This notebook explores a dataset containing information about college majors and their corresponding salaries at different stages of a career. By analyzing this data, we aim to identify trends, patterns, and insights related to the earning potential associated with various fields of study.

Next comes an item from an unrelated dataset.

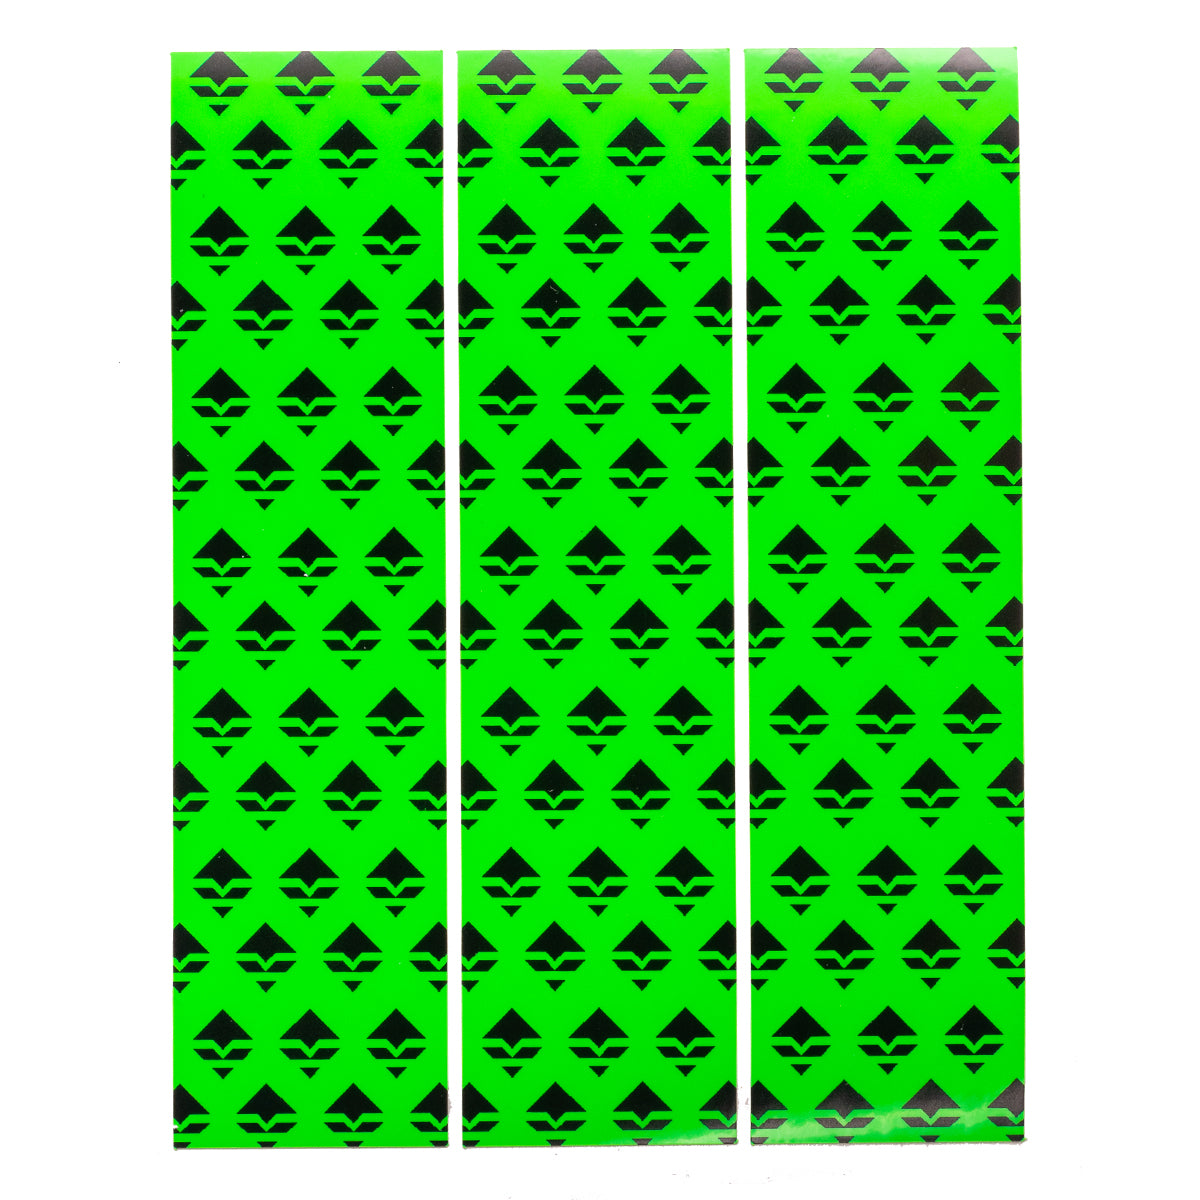 GOHUNT Custom Arrow Wrap Option 7 - 12 Count in Green by GOHUNT | Lone Peak Outdoors - GOHUNT Shop

Understanding the financial outcomes of different college majors can be a valuable resource for students making decisions about their education and future career paths. This analysis will provide a data-driven perspective on which majors tend to lead to higher starting salaries, higher mid-career salaries, and the overall salary spread within each field.

## Objective

The primary objective of this notebook is to perform an exploratory data analysis on the provided dataset to answer the following questions:

- Which college majors have the highest starting median salaries?
- Which college majors have the highest mid-career median salaries?
- Which college majors have the lowest starting median salaries?
- Which college majors have the largest and smallest salary spreads (difference between the 90th and 10th percentile mid-career salaries)?
- How do the different major groups (STEM, HASS, Business) compare in terms of salary potential?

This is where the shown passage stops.